So, after a week of marking and funerals and sibling birthdays, we have a long weekend ahead of us. As it's raining, I'm going to Manchester where at least that's normal. I'm off to see Ride, one of the first bands I really fell for (see also Gorky's Zygotic Mynci, Tindersticks, Elastica and REM).
Being deprived of music until I got to university in 1993, I caught the tail-end of shoe gazing, just as Britpop killed off all the genuine indie bands. Britpop added ambition, cocaine, Union flags, football laddishness and fun. Not all of these things were conducive to good music, though looking at my enormous collection of coloured vinyl 7" singles, I clearly wasn't a very discerning listener. I just bought everything NME told me to, and passively accepted whatever the staff of Cob Records foisted on me (unsaleable stuff by their bands mostly). They'd openly mock what I asked to buy, and they were largely right. Nobody needs more than one Cecil or Northern Uproar single.
Not that I'd deny my youthful taste in music. The point of being young is that however derivative a band's sound is, it's new to the young. Once I'd bought all the new bands' music I could, I found the albums they'd been listening to. Without the (literally) thousands of Gomez and Helen Love and Starsailor singles I bought, I'd never have found My Bloody Valentine, Slowdive, This Mortal Coil, Cocteau Twins, Mazzy Star, Stereolab, Velvet Underground, Patti Smith, PJ Harvey, Joni Mitchell, Galaxie 500, Low, Datblygu, Tystion, Fflaps, Keith Jarrett, Kate Bush, Scott Walker, Steve Reich, Field Mice, Huggy Bear, Catchers, David Wrench, Bikini Kill and all the others (all links to favourite songs).
So, Ride. Good hair. Introspection. Enigmatic artwork and designs. Mumbling. Softness followed by jarring LOUDNESS. Britpop wiped them out for not being ambitious enough but they seemed fairly big and outgoing to me.* I also liked that wave of one-word bands: Pulp, Salad, Ride, Blur, Lush, Verve and so on. My favourite Ride album is Nowhere: here's 'Vapour Trail'.
I also love this melancholic American cover version:
I've also had a soft spot for 'Twisterella', 'Leave Them All Behind' and 'Chrome Waves' from Going Blank Again.
All their albums have a place in my heart, but Carnival of Light is special - the sound of a band with the vision and cash for a sprawling, cosmic piece of work. Once you've got a children's choir on board, you're off and away:
Finally there's the song and album that broke them up. 'Black Nite Crash' is a riffing monster. I love it.

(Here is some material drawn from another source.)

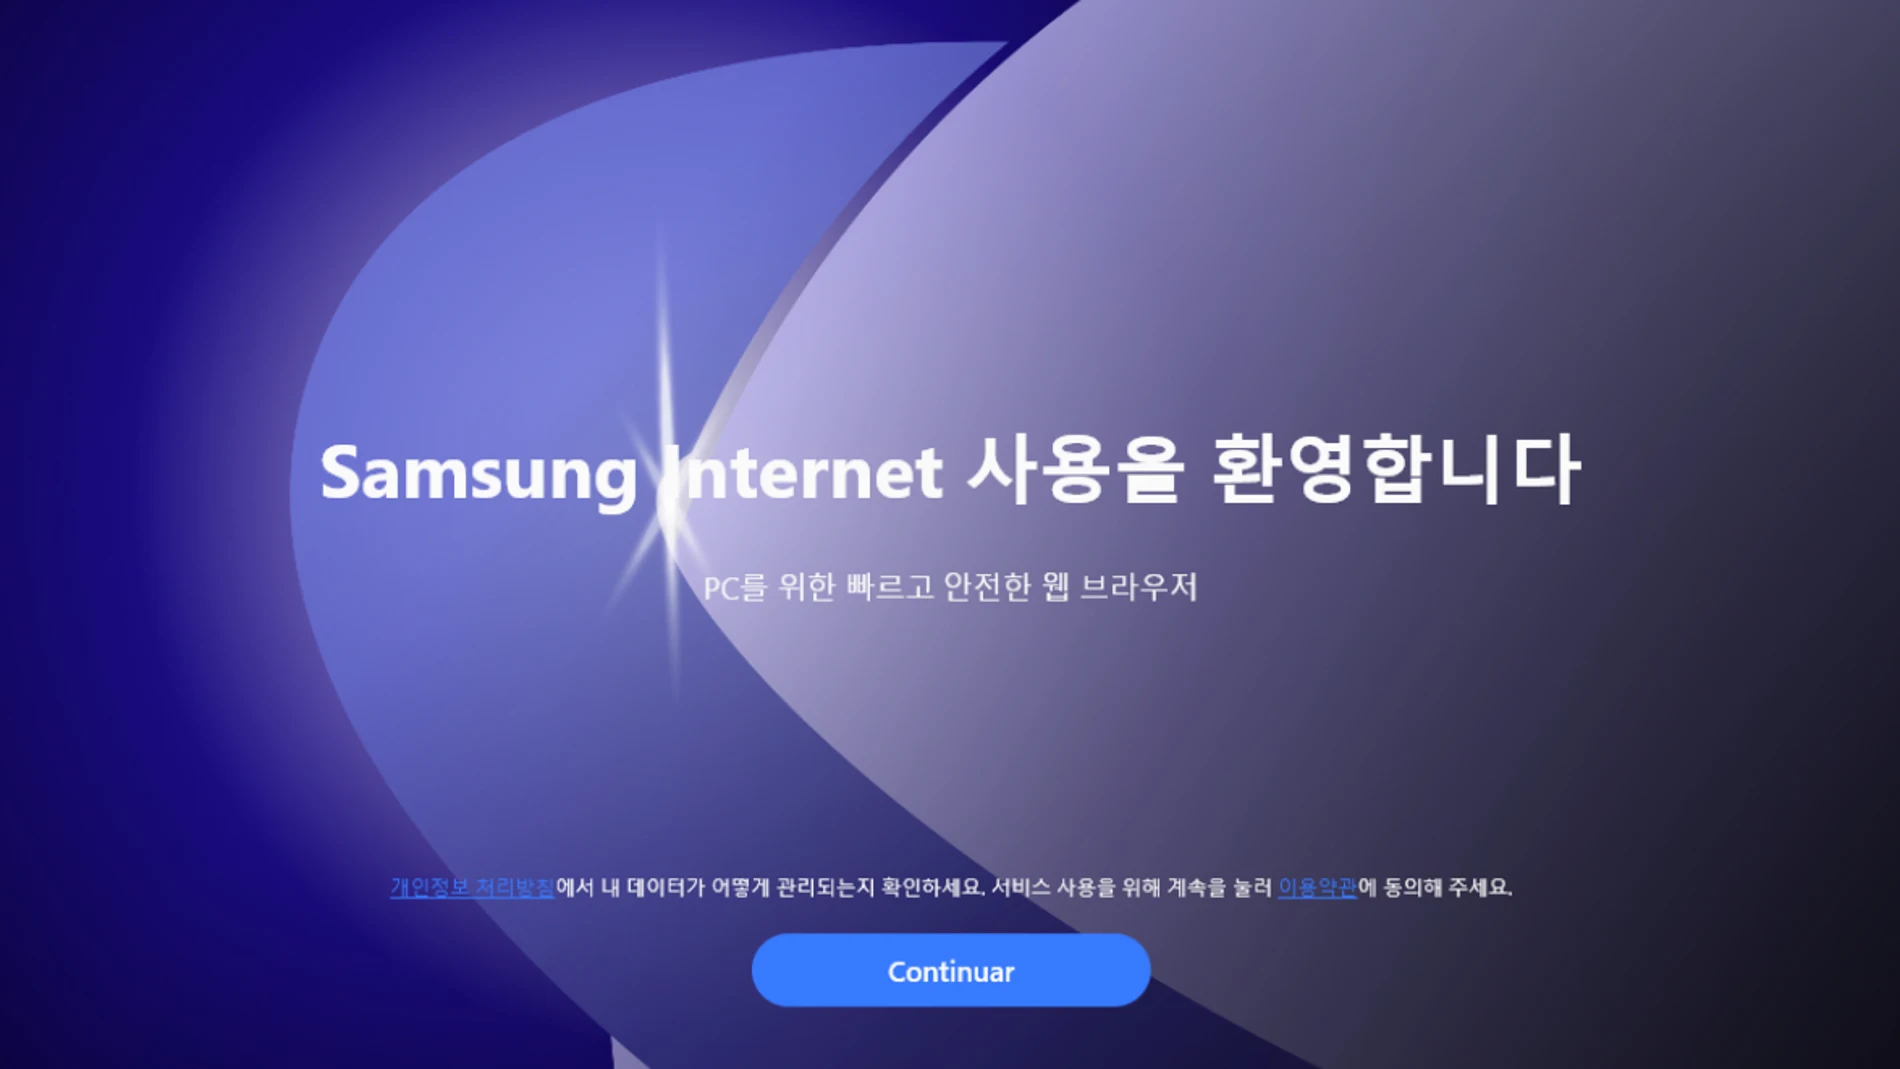 Samsung lanza su navegador Android, Samsung Internet, en Windows.

I think what was lost with Britpop was a sense that the music itself was important. So many Britpop bands (and almost all the ones that followed) seem happy to be the soundtrack to a football goals highlights package or adverts. The British indie scene was often smug, precious and introverted, but there was a commitment to a culture that went beyond commodity entertainment. Yes, Ride had a prog element, but however imperfectly, they made art rather than stuff that eventually got them a judge's seat on Britain's Got Talent.
So anyway - off to Manchester for a loud night's shoegazing. Enjoy your bank-holiday weekend.
*also the drugs. I read a very amusing interview with them in which the singer was obsessed with whether the tongues of his trainers could be seen peeking out from his trousers. In retrospect, it seems likely he'd refreshed himself over-liberally.
1 comment:
I once saw Cecil supporting Paw In Nottingham. During their set there wasn't a single person on the dance floor and the singer got really angry, jumped off the stage, went to the bar, and started dragging people onto the dance floor. He was strangling one guy with his microphone lead when he resisted.
When Paw finally came on they walked through the crowd from the back with a crate of beer each giving them out to the crowd.